WORK INSTRUCTIONS:
Produce an exact transcription of the data, with the images left out.

DATA SUPPLIED:
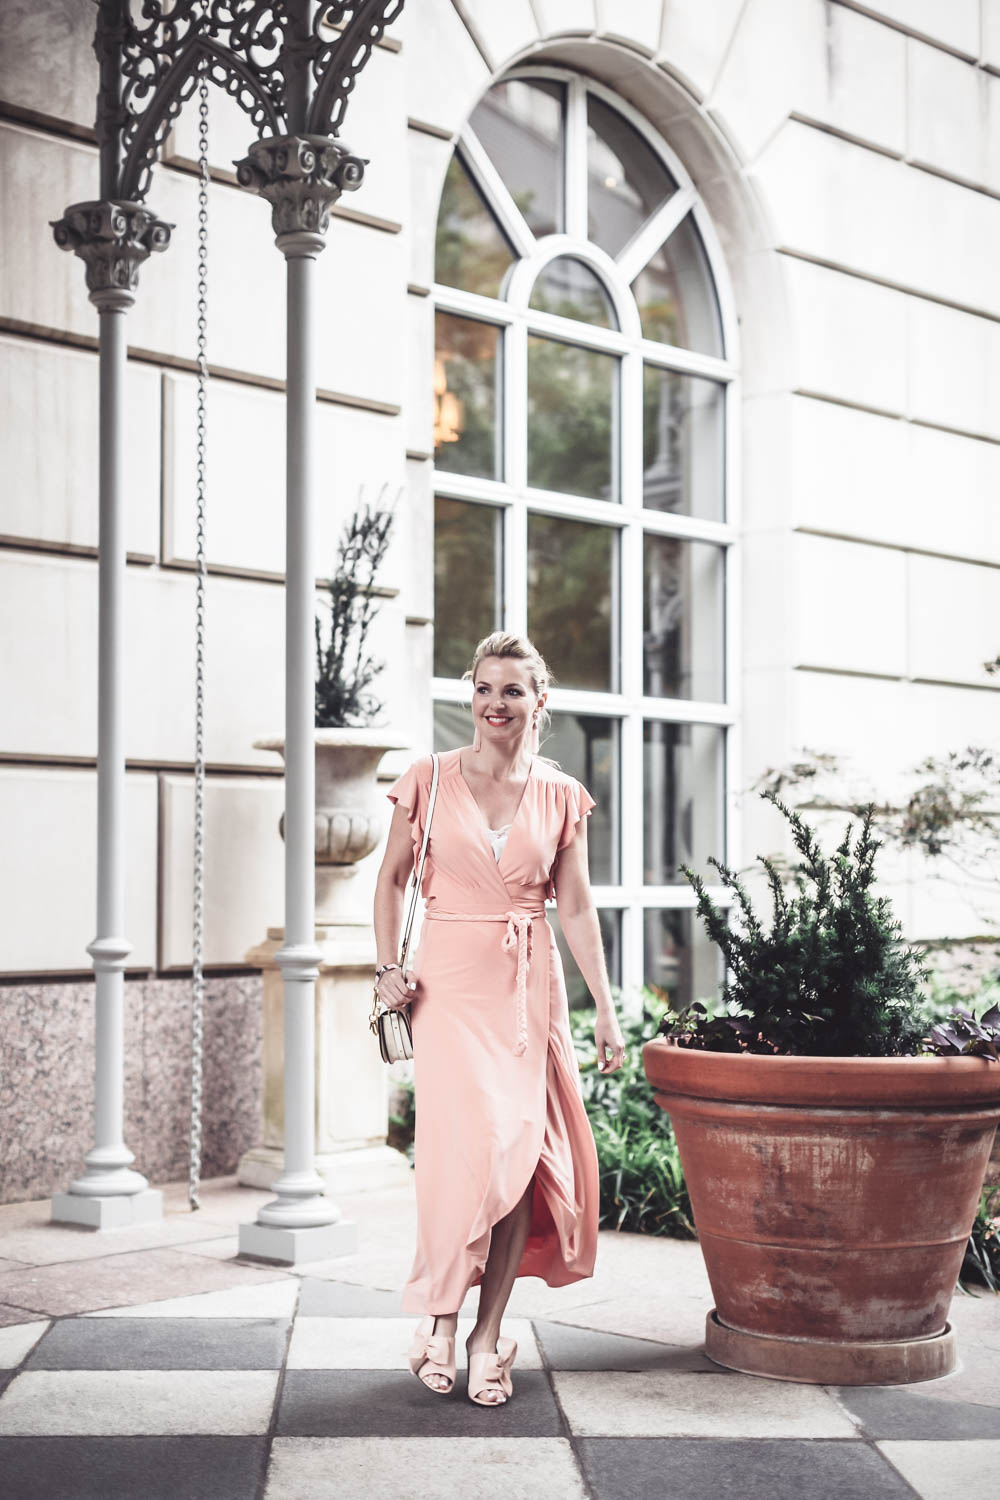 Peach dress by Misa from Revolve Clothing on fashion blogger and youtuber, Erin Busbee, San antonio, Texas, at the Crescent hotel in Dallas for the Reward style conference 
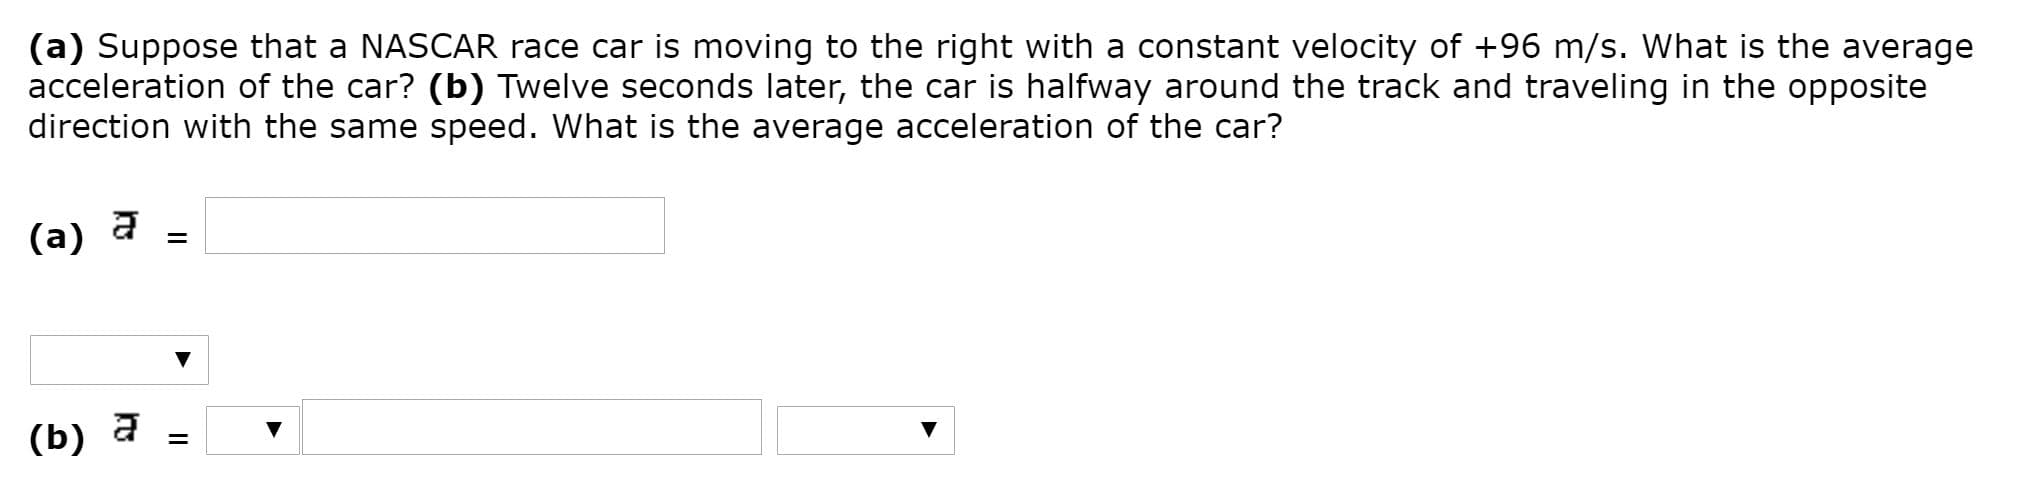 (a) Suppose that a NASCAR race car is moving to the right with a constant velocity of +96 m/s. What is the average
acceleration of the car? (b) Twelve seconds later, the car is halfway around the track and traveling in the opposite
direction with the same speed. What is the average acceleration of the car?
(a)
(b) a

ANSWER TO THIS TASK:
 Peach dress by Misa from Revolve Clothing on fashion blogger and youtuber, Erin Busbee, San antonio, Texas, at the Crescent hotel in Dallas for the Reward style conference 
 (a) Suppose that a NASCAR race car is moving to the right with a constant velocity of +96 m/s. What is the average
acceleration of the car? (b) Twelve seconds later, the car is halfway around the track and traveling in the opposite
direction with the same speed. What is the average acceleration of the car?
(a)
(b) a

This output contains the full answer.